Metadata-Version: 2.1
Name: EASIER-net
Version: 0.0.7
Summary: EASIER-net
Home-page: https://github.com/jjfeng/easier_net
Author: Jean Feng
Author-email: jeanfeng@gmail.com
Classifier: Programming Language :: Python :: 3
Classifier: License :: OSI Approved :: MIT License
Classifier: Operating System :: OS Independent
Requires-Python: >=3.6
Description-Content-Type: text/markdown
License-File: LICENSE

# EASIER-net

Feng, Jean, and Noah Simon. 2022. “Ensembled Sparse‐input Hierarchical Networks for High‐dimensional Datasets.” Statistical Analysis and Data Mining, March. https://doi.org/10.1002/sam.11579.

Python code for fitting EASIER-nets and reproducing all results from the paper.
The python code uses [PyTorch](https://pytorch.org/).

R code for fitting EASIER-net is available at https://github.com/jjfeng/easier_net_R.

## Quick-start

Setup a python virtual environment (code runs for python 3.6) with the appropriate packages from `requirements.txt`.

Simulate data using by following the tutorial notebook or load your own into a `npz` format with `x` and `y` attributes.

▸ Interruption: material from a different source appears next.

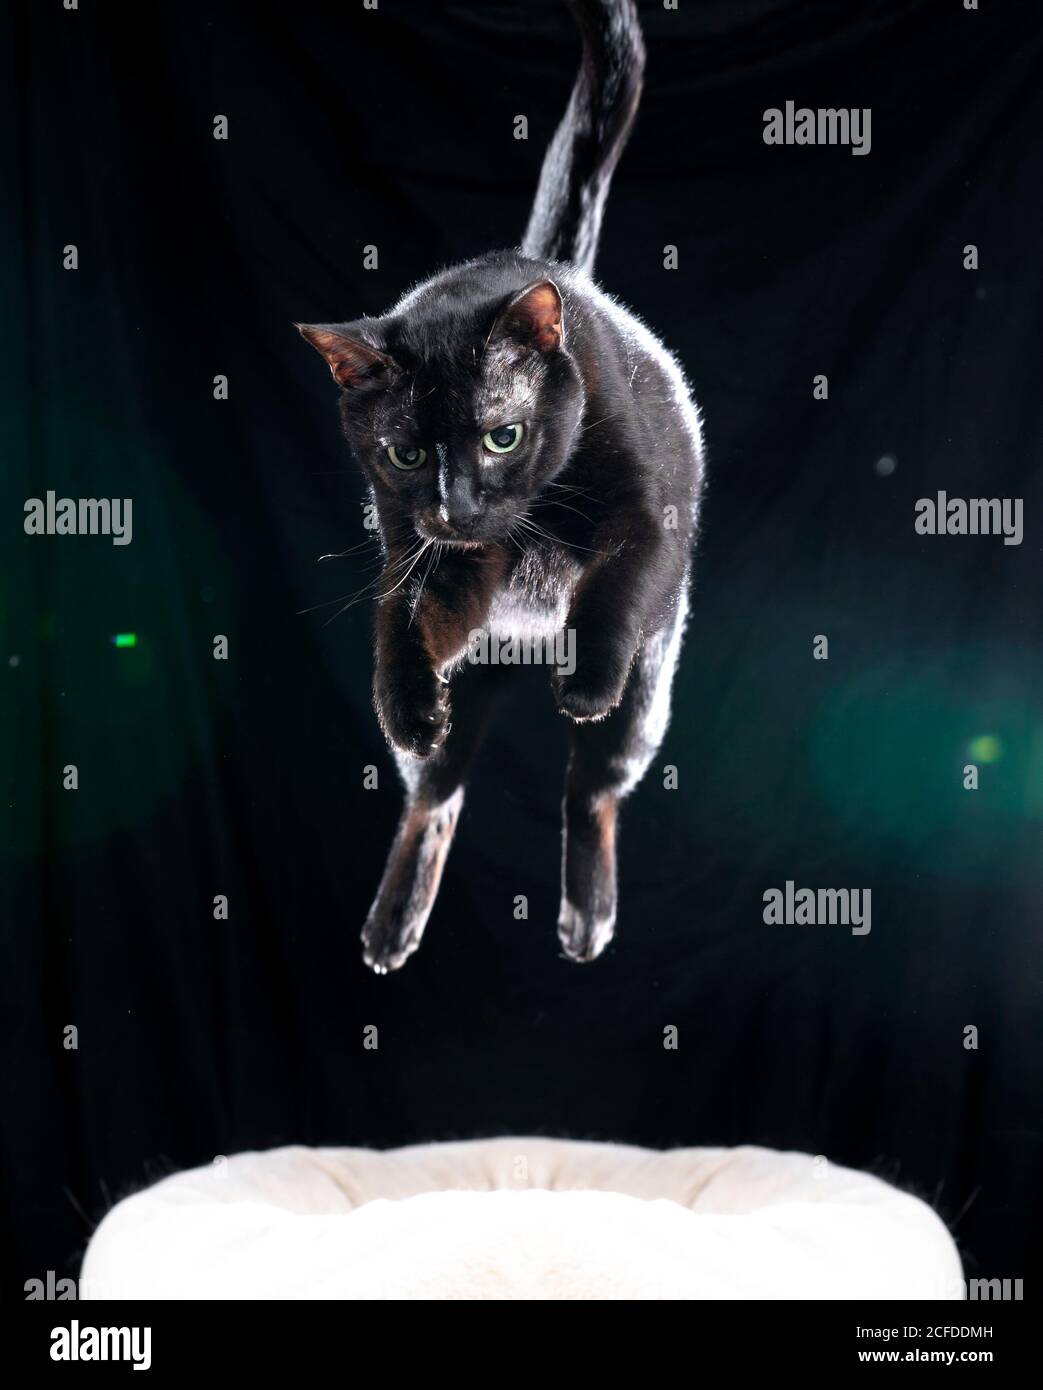 black cat jumping up in the air on black background with green lens flares Stock Photo

You may also perform GridSearchCV by following the tutorial.

To fit an EASIER-net, run
```
python fit_easier_net.py --n-estimators <N_ESTIMATORS> --input-filter-layer <INPUT_FILTER_LAYER> --n-layers <N_LAYERS> --n-hidden <N_HIDDEN> --input-pen <INPUT_PEN> --full-tree-pen <FULL_TREE_PEN> --batch-size <BATCH_SIZE> --num-classes <NUM_CLASSES>  --weight <WEIGHT> --max-iters <MAX_ITERS> --max-prox-iters <MAX_PROX_ITERS> --model-fit-params-file <MODEL_FIT_PARAMS_FILE>
```
where:
* `N_ESTIMATORS` should be size of ensemble; the number of SIER-nets being ensembled.
* `INPUT_FILTER_LAYER` is whether to scale the inputs by parameter β
* `N_LAYERS` is the number of hidden layers
* `N_HIDDEN` is the number of hidden nodes per layer
* `INPUT_PEN` specifies $\lambda_1$ in the paper; controls the input sparsity
* `FULL_TREE_PEN` specifies $\lambda_2$ in the paper; controls the number of active layers and hidden nodes
* `BATCH_SIZE` specifies the size of the mini-batches for Adam
* `NUM_CLASSES` should be 0 if doing regression and `NUM_CLASSES` should be the number of classes if doing binary/multi-classification
* `WEIGHT` is a list of weights for the classes
* `MAX_ITERS` is the number of epochs to run Adam
* `MAX_PROX_ITERS` is the number of epochs to run batch proximal gradient descent
* `MODEL_FIT_PARAMS_FILE` is a json file that specifies what the hyperparameters are. If given, this will override the arguments passed in.

To perform cross-validation, one should run separate `fit_easier_net.py` scripts for each candidate penalty parameter values.
Then select the best penalty parameter values using `collate_best_param.py`.